OpenPKFlow¶
A transparent, reproducible, open-source Python workflow for dissolution, NCA, PK/PD simulation, and pharmacometric reporting.
What it does¶
OpenPKFlow gives formulation scientists, PK/PD researchers, and CRO/CDMO teams a clean Python workflow for:
| Module | What it covers |
|---|---|
dissolution |
f1, f2, bootstrap f2, MSD, max deviation, model-dependent comparison, Weibull/Higuchi/KP/first-order/zero-order model fitting |
nca |
AUClast, AUCinf, Cmax, Tmax, lambda_z, t1/2, CL/F, Vz/F — three AUC methods, explicit BLQ, %AUCextrap flag, DN params, CDISC PP |
be |
2x2 crossover TOST (convenience layer), GMR + 90% CI, intra-subject CV, BioEqPy export |
sim |
1- and 2-compartment IV bolus/infusion/oral, repeated dosing, superposition |
pop |
GOF plots (4-panel), VPC with percentile bands, NONMEM-style dataset helpers |
report |
Markdown, HTML, PDF (ReportLab), Word (python-docx) |
ml |
Experimental torch MLP surrogate for 1-cmt oral profiles |
validation |
Utility functions for cross-checking against reference values |
It does not replace expert regulatory judgement or validated commercial platforms. It makes routine analysis faster, cleaner, and more reproducible.
Install¶
For PDF and Word reports:
For ML surrogate (torch):
Quick example¶
from openpkflow.dissolution import f1, f2
reference = [20.0, 40.0, 60.0, 80.0, 90.0]

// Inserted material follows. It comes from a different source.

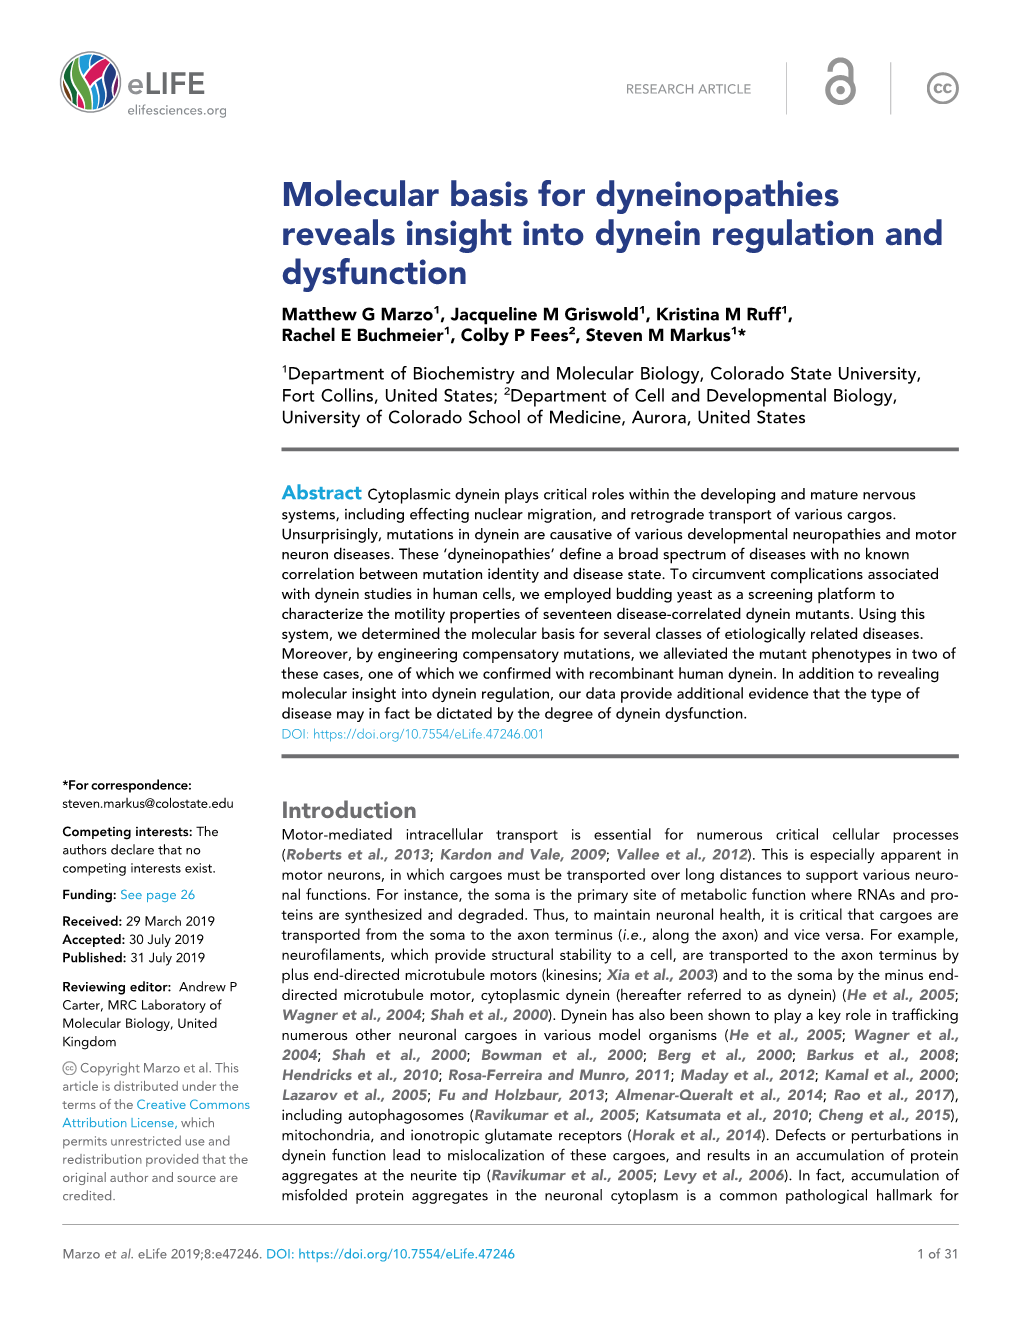 Molecular Basis for Dyneinopathies Reveals Insight Into Dynein

test = [21.0, 39.0, 61.0, 79.0, 88.0]
print(f"f1 = {f1(reference, test):.2f}") # 1.33
print(f"f2 = {f2(reference, test):.2f}") # 72.80
See the Tutorials section for complete worked examples.
Philosophy¶
OpenPKFlow is report-first: every analysis ends in a clean, shareable output — HTML, PDF, or Word — suitable for supervisors, clients, CROs, and regulatory teams. Calculation correctness is necessary but not sufficient.
This package is open-source. Final regulatory interpretation should be reviewed by qualified formulation, pharmacokinetic, and regulatory experts.